No momento que uma mulher manifesta desejo de separar-se, é comum descobrir que o marido/companheiro destruiu bens materiais e seus objetos pessoais, como notebooks, celulares, ou escondeu certidão de casamento, passaporte e outros documentos, afim de puni-la pela decisão de romper o vínculo ou coagi-la a manter-se na convivência, ou ainda para mostrar que deixará sua ex na penúria.
Tal postura se agiganta e a partir da separação, muitos homens utilizam a sua condição financeira como instrumento para perturbar a vida da ex-esposa/companheira de maneira bastante acintosa.
Mas seja antes ou após o rompimento, algumas condutas somente aparecem com o térmico da relação, tais como, nos casos em que o homem se apodera do dinheiro que uma mulher guardava/economizava; casos onde o homem administrava sozinho o valor do aluguel de um imóvel que pertencia aos dois; efetivação de investimentos fora do patrimônio nominal do casal para lograr a partilha; registrar todos os bens do casal exclusivamente em nome do homem; possibilitando-o, em casos de união estável, desfazer-se rapidamente deles sem a autorização da companheira; recusar-se a reconhecer que o trabalho doméstico e de cuidado dos filhos possui valor financeiro atribuível, e que a mulher que se dedicou exclusivamente a estes contribuiu efetivamente para a construção do patrimônio comum, com a sua força de trabalho e tempo (imaginem pagar o valor do salário de uma babá, uma cozinheira, uma empregada doméstica, motorista particular, etc, etc… o valor seria altíssimo e inviável para a esmagadora maioria dos homens);utilizar procuração conferida em confiança pela mulher para realizar transações financeiras que a prejudicam;adquirir bens usando o seu cartão de crédito e não pagá-los após a separação;pressionar emocionalmente a mulher para que a divisão seja feita rapidamente e com advogado único contratado pelo ex-companheiro, acarretando perdas de direitos financeiros (enormemente comum, notadamente se o profissional do Direito não tiver ética e concordar em prejudicar a ex.conjuge virago);negar-lhe alimentos compensatórios após a separação, alegando que por ser jovem e ter formação acadêmica poderia ingressar imediatamente no mercado de trabalho, ainda que a mulher se encontre em situação vulnerável economicamente devido à ruptura da vida em comum;abandonar emprego formal ou ocultar vencimentos apenas para não ter que pagar alimentos aos filhos(as) e/ou à ex-companheira e esquivar-se propositalmente do oficial de justiça para não ter que contribuir para o sustento dos filhos comuns; atrasar injustificadamente a pensão alimentícia ou os alimentos compensatórios, com o único objetivo de humilhar e causar sofrimento à mulher.
Por esses e tantos outros exemplos que poderia ficar aqui enumerando por dias, em razão da vivencia da prática da advocacia é que o primeiro conselho que sempre dou nas palestras que faço sobre a violência doméstica é: TENHAM INDEPENDÊNCIA FINANCEIRA!!!
Uma mulher privada dos recursos para a sua sobrevivência é atingida emocional e fisicamente.Todas estas situações vulnerabilizam ainda mais a mulher em um momento delicado como a separação.
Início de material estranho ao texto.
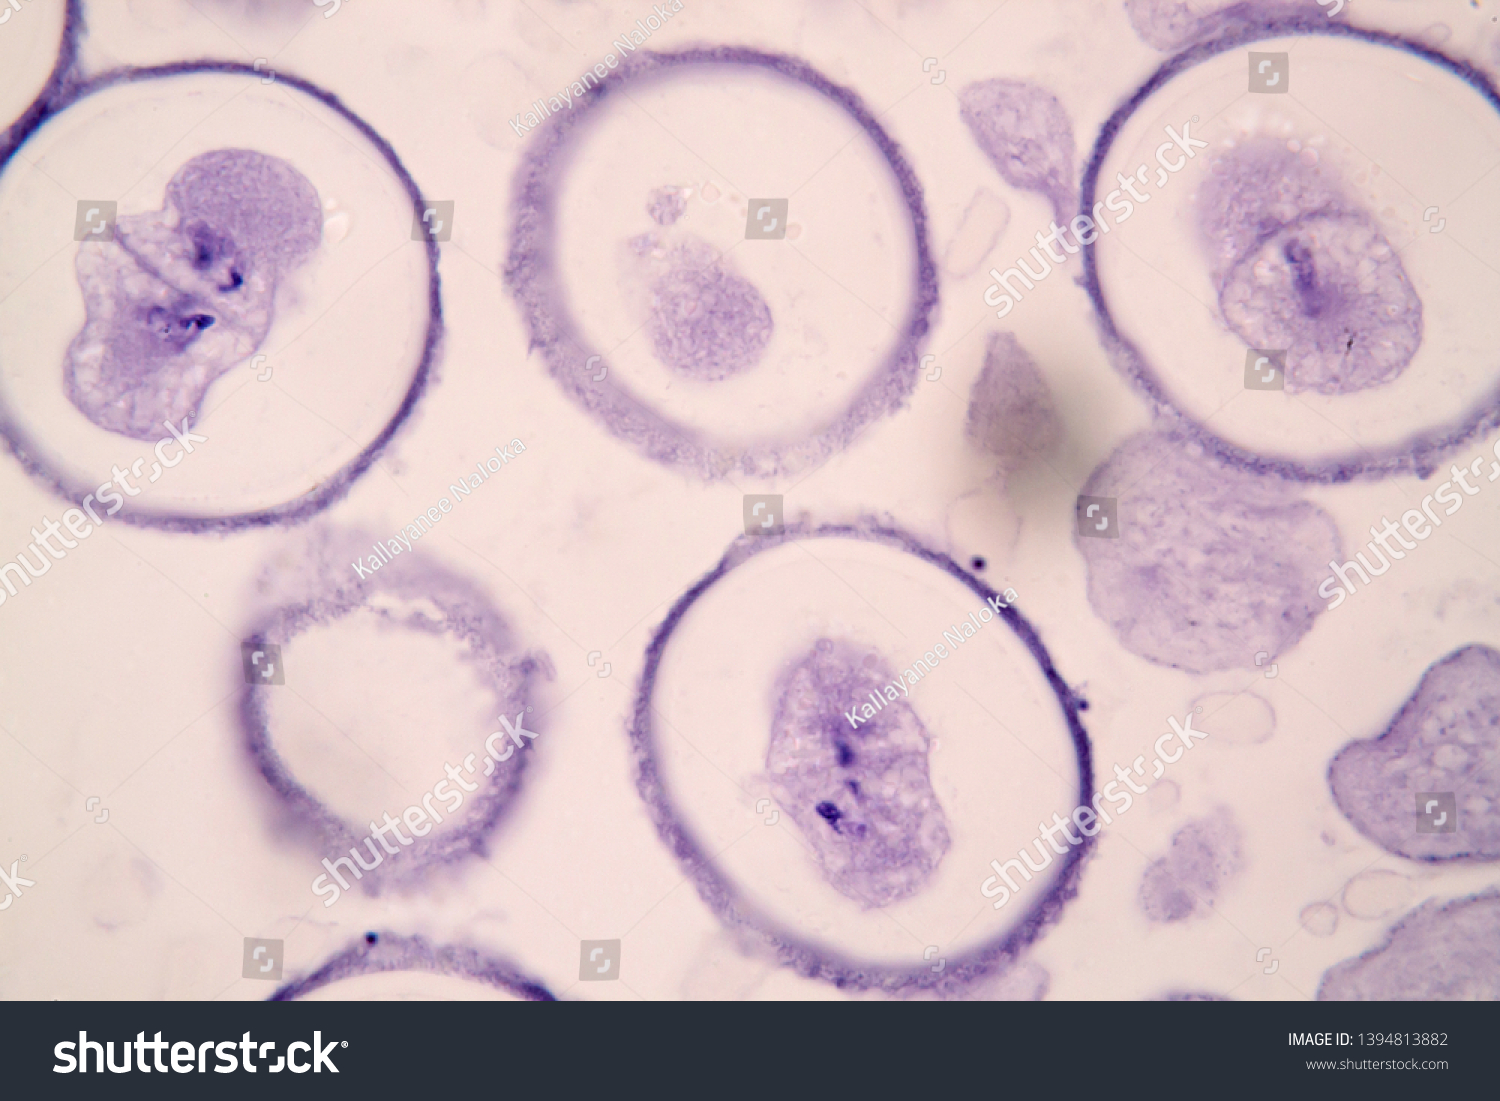 Meiosis Animal Cell Under Microscope Education Stock Photo (Edit Now ...

Neste momento que muitas perdem as forças, engavetam a coragem, mutilam seus desejos e ficam num relacionamento tóxico e humulhante.
Infelizmente, esse tipo de violência passa muitas vezes despercebida por familiares e até advogados, seja em razão da naturalização da escuta destas agressões nas situações de separação, seja por falta de conhecimento em relação ao tema.
Não existem estatísticas nacionais sobre a incidência de violência patrimonial, mas o Dossiê Mulher 2018 com dados do estado do Rio de Janeiro dá uma panorama sobre esse tipo de abuso. O levantamento mostra que as mulheres representam 70% das vítimas dos delitos dessa natureza.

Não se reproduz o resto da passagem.